I'm still learning. I'm not there yet, but I can finally see the course I'm on. The inner pain which was so searingly hot before is now the beginnings of fresh scars. Still not fully healed, still a little irritable, but no longer leaking life.

I wrote some weeks ago that I was learning to let go of my expectations. While I wrote cynically I now see that the message was not altogether wrong. The heart was, but not necessarily the message. I did have to move beyond my expectations in order that He can grow in me new ones. In order that He can grow them with the right focus. At the moment, I'm at a lack. My expectations are gone, my hopes and dreams are unfocused and rudderless. But it's ok. As I grow to make Him my hope and dream the rest of the blanks will fill in.

Recently Kris Vallotton, the founder of Bethel School of Supernatural Ministry of which I graduated, remarked that He was afraid that the message they were teaching about God's goodness had inadvertently bred alumni who felt entitled. When I first heard him voice this concern I agreed, for I saw it in myself. I no longer do. The truth is, it's not the fault of the school. They are simply teaching a truth and steering their students toward God in a way that most Western Christians have somehow overlooked in all their pursuit of knowledge and logic. It's a truth that needs to be spread. The real problem is human nature. When we find out we have a wonderful God who's not mad at us, a loving Father in heaven who cares about our desires and will always take care of us then the natural course of the fallen nature is to get spoiled. You need look no further than the upbringing of most wealthy children to know that it is true. The coinciding truth which removes that feeling of entitlement is not something which can be taught by theory but only experienced. It's not until we experience how flawed our own strength, planning, and logic is that most of us can move past that entitlement sense. Obviously some grasp these truths without struggle, but most of those that do have been humbled so much in their lives that they are already looking through the correct lens. It's easy to feel entitled when you learn that you cannot fail in God, what removes that entitlement is learning that the deeper truth is that the reason you cannot fail is because your "failures" still teach you. You "fall forward" so to speak.

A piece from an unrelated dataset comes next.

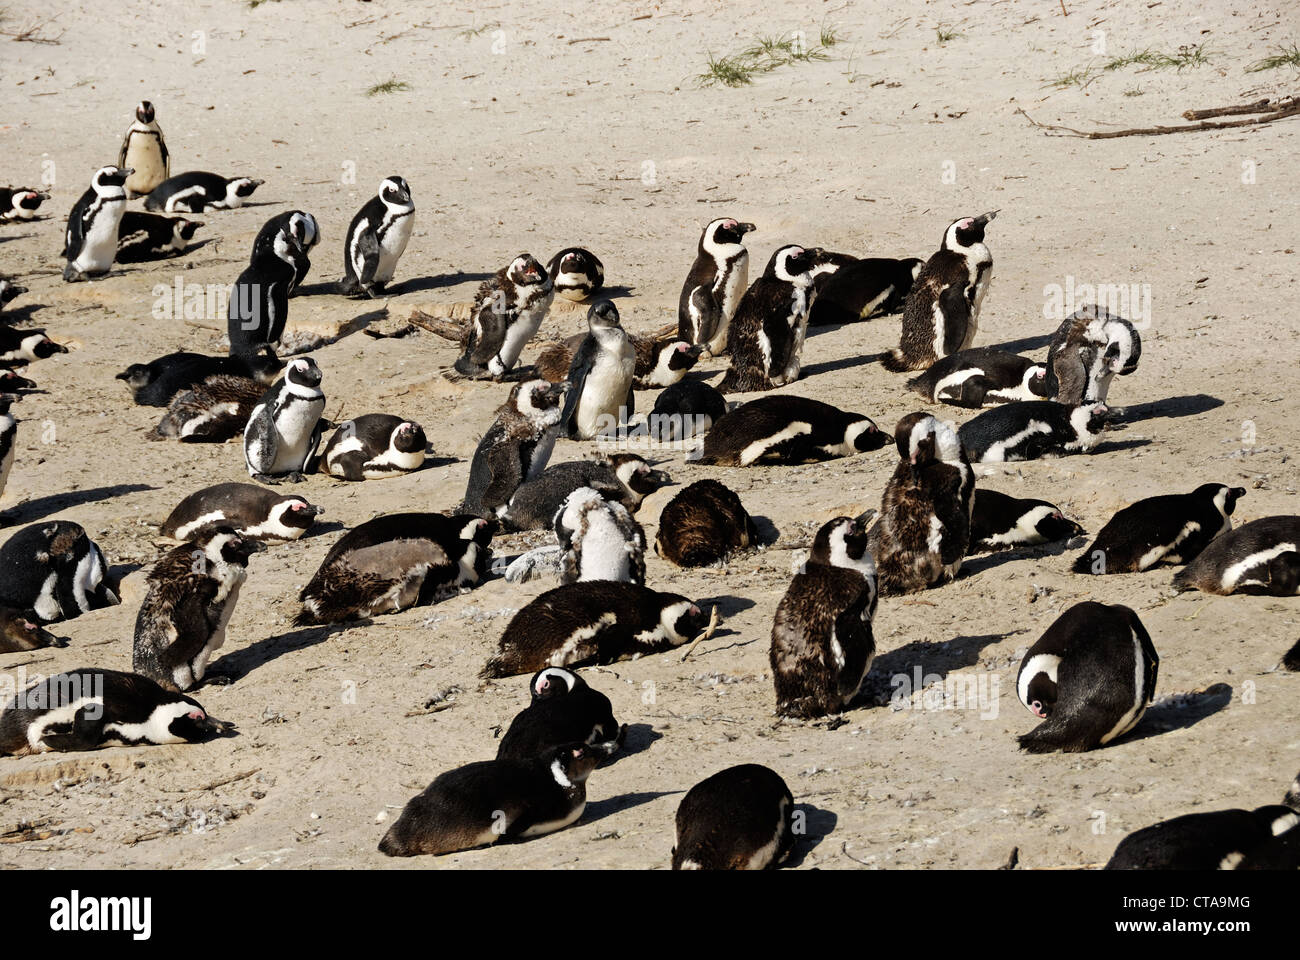 Black Footed Jackass Penguins - Speniscus demersus - on Boulders Beach, Simon's Town, South Western Cape, South Africa Stock Photo

These last months have been my advanced course in these things. They have been my "hell week", the week in which athletes are pushed so hard they cannot bear it any longer, in order to shock their systems into the shape needed to hold up under the grueling long season. I've encountered, fought with, been beaten down by, and been forced to re-conquer every weakness in my life this past season. Most of the time I've hated myself during it. Thankfully He never hated me. When I drank too much and dared to listen to Him all He'd say was, "I love you, I'm proud of you." When I was distant from my family in depression He'd tell me "You're doing good, hang in there." When I screamed and cried out curse words in my hurt and despair He'd wait for me to calm down, and then I could feel the warmth of His smile on me. He is so good, and He is so loving. He has just been waiting on my process, loving me the whole time. I don't deserve it for a second, but He doesn't care. He refuses to give up on me, and He refuses to treat me any less than a redeemed son. I've gone through my "dark night of the soul" and found that the darkness was simply the dark in me being brought to my attention. He's been letting me hit bottom in order to build me back up better.

For the first time in my life I feel like I truly understand what has long been my favorite verse. I'm learning to rejoice in my weakness in order that He can make me strong.